Solar Plane Completes 24-Hour Flight

asukasoryu writes "An experimental solar-powered plane landed safely Thursday after completing its first 24-hour test flight, proving that the aircraft can collect enough energy from the sun during the day to stay aloft all night. The record feat completes seven years of planning and brings the Swiss-led project one step closer to its goal of circling the globe using only energy from the sun. The team will now set its sights on an Atlantic crossing, before attempting a round-the-world flight in 2013." We ran a story about the flight's departure yesterday.

6 of 88 comments (clear)

  1. Re:Hybrid Planes by IflyRC · · Score: 0, Troll

    I'm not sure how you would get solar to work with a jet engine unless you switched over to a ducted fan type setup. A jet engine requires combustion. You would need two completely different propulsion systems on board the aircraft...and that adds weight. With the additional weight, power needs will increase, lift generation will need to increase and your stall speed increases.

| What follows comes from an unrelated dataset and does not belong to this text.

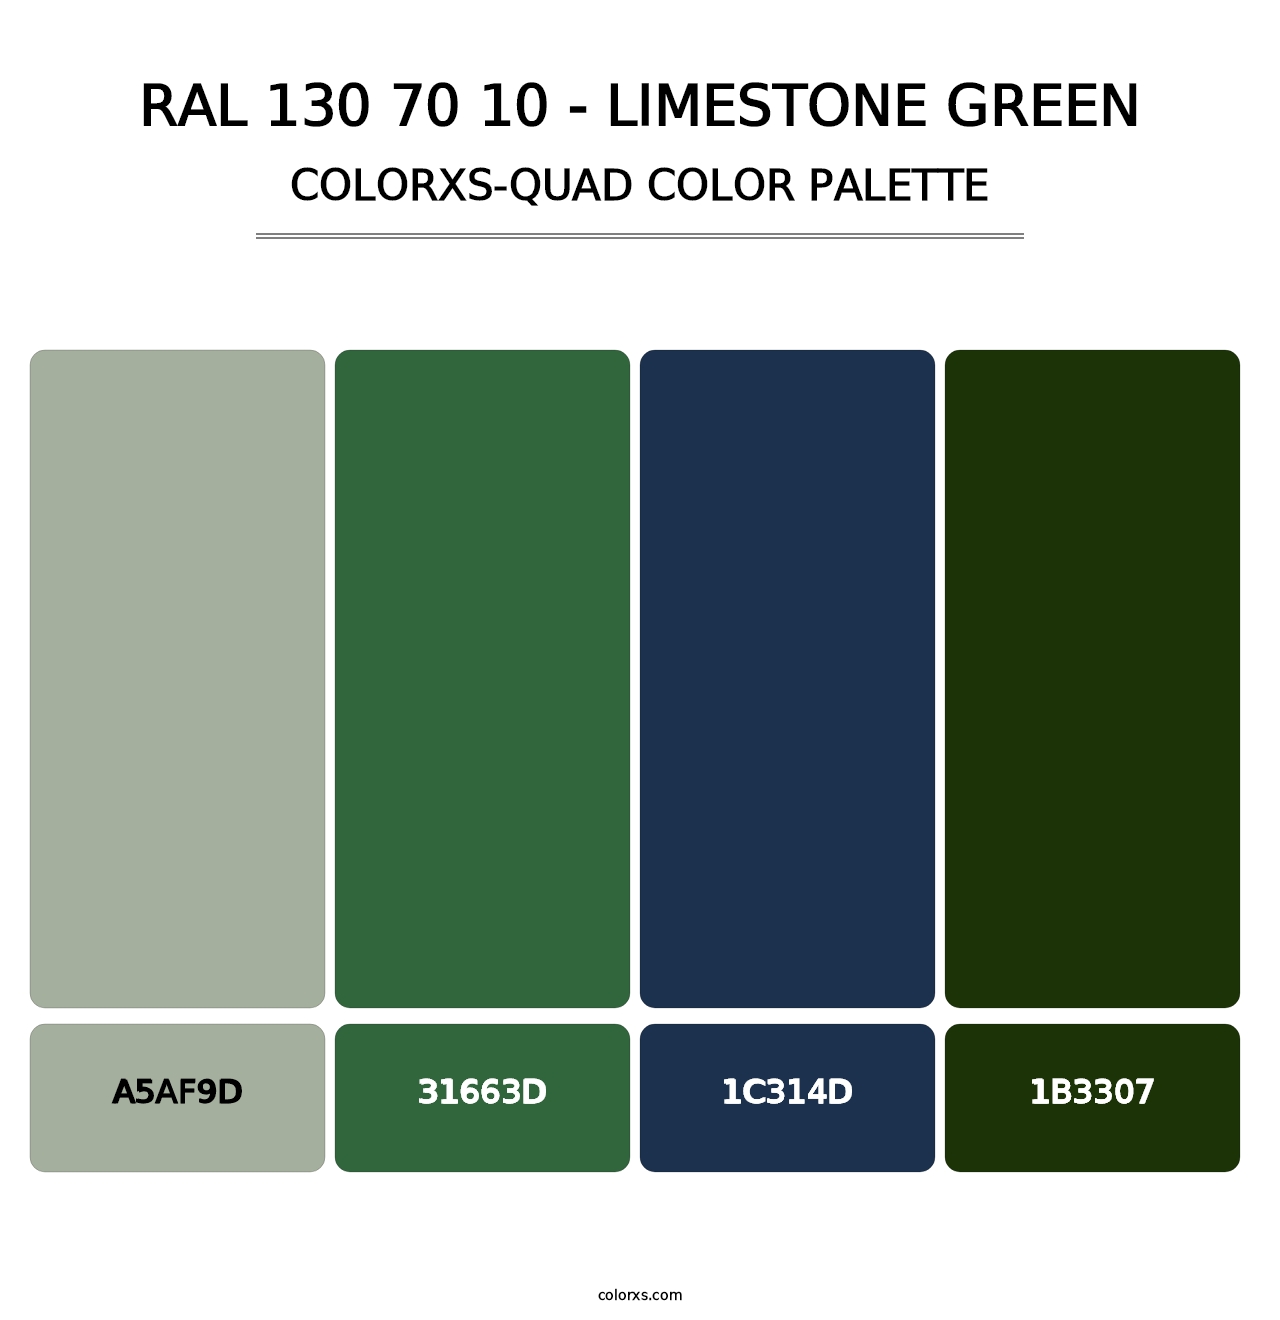 RAL 130 70 10 - Limestone Green - Colorxs Quad Palette

  2. Re:Hybrid Planes by flyer5008 · · Score: 0, Troll

    Solar wouldn't even come close to offsetting jet fuel. A commercial airliner requires HUGE amounts of energy to fly that much weight at speeds around 500mph.

    It could be used to provide electrical power to an airplane but the savings would be minimal.

  3. Re:Hybrid Planes by Issarlk · · Score: 0, Troll

    Another question is: if they were 100% efficient, would they offset the cost of jet fuel?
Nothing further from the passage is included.